The text has been set to music by Joachim Raabe. The hymn appears in the regional part of the Catholic hymnal Gotteslob of the Diocese of Limburg as GL 885. It is also part of Junges Gotteslob, the hymnal for young people, and of the choral songbook Die Träume hüten (Guarding the dreams) in the section Maria, published by the Dehm-Verlag.

The song was included in a four-part setting with orchestra by Peter Reulein in his oratorio Laudato si', which premiered in 2016 at the Limburg Cathedral.

== Text and melody ==

The first stanza is the model for the others. In the first short line, Mary is addressed, "Glauben können wie du" in the first stanza, "Hoffen können wie du" in the second, "Lieben können wie Du". Glauben, Hoffen, Lieben relates to the teaching of Paul the Apostle about the theological virtues of faith, hope and love. The speaker or singer acknowledges that Mary is able to believe, hope and love, and wishes to be able to do the same. The second and third line, both much longer, describe more precisely what the action comprises. The long fourth line leads to a biblical quotation. This is in the first stanza "Großes hat er getan." from the Magnificat, in the second stanza "Was er euch sagt, das tut." from the Wedding at Cana, and finally "Mir geschehe dein Wort" from the Annunciation. The final short line of a stanza is the first to use "ich" (I) and expresses the wish of the singer to imitate Mary: "So will ich glauben (hoffen, lieben), Maria" (I want to believe (hope, love) like this, Mary.).

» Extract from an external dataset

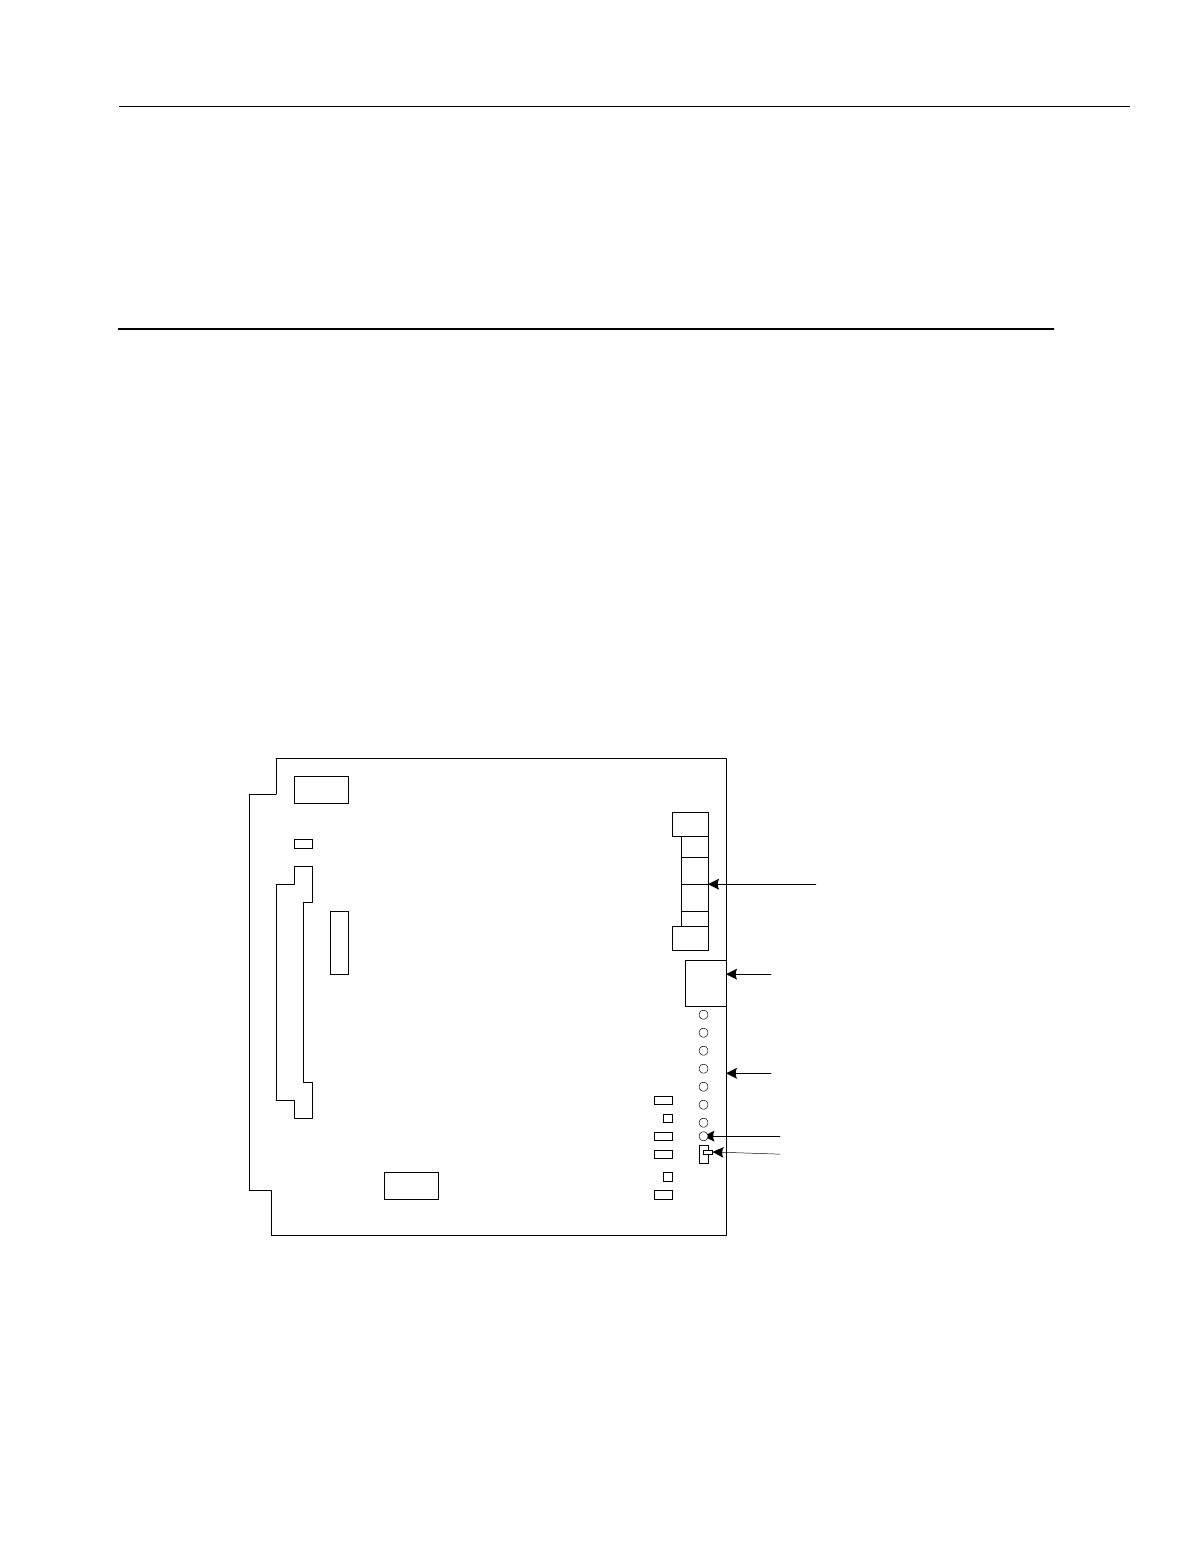 Iwatsu America Adix Bs Upcs Base Station User Manual Eba 2000 28 Sw F8 Arctic Cat Wiring Diagram Free Download Schematic En

The melody is in F major and 6/8 time. It is built in six phrases of mostly two measures. The first and last lines end on long notes, while the second and third line carry their longer text in mostly even eighth-notes. The announcement of the biblical quotation is an extra measure, then the quotation is represented by a rising line which ends on the longest note of the song. The last line is a gentle downward line. The melody has been described by Manuel Braun, organist in the Diocese of Limburg, as easy to learn.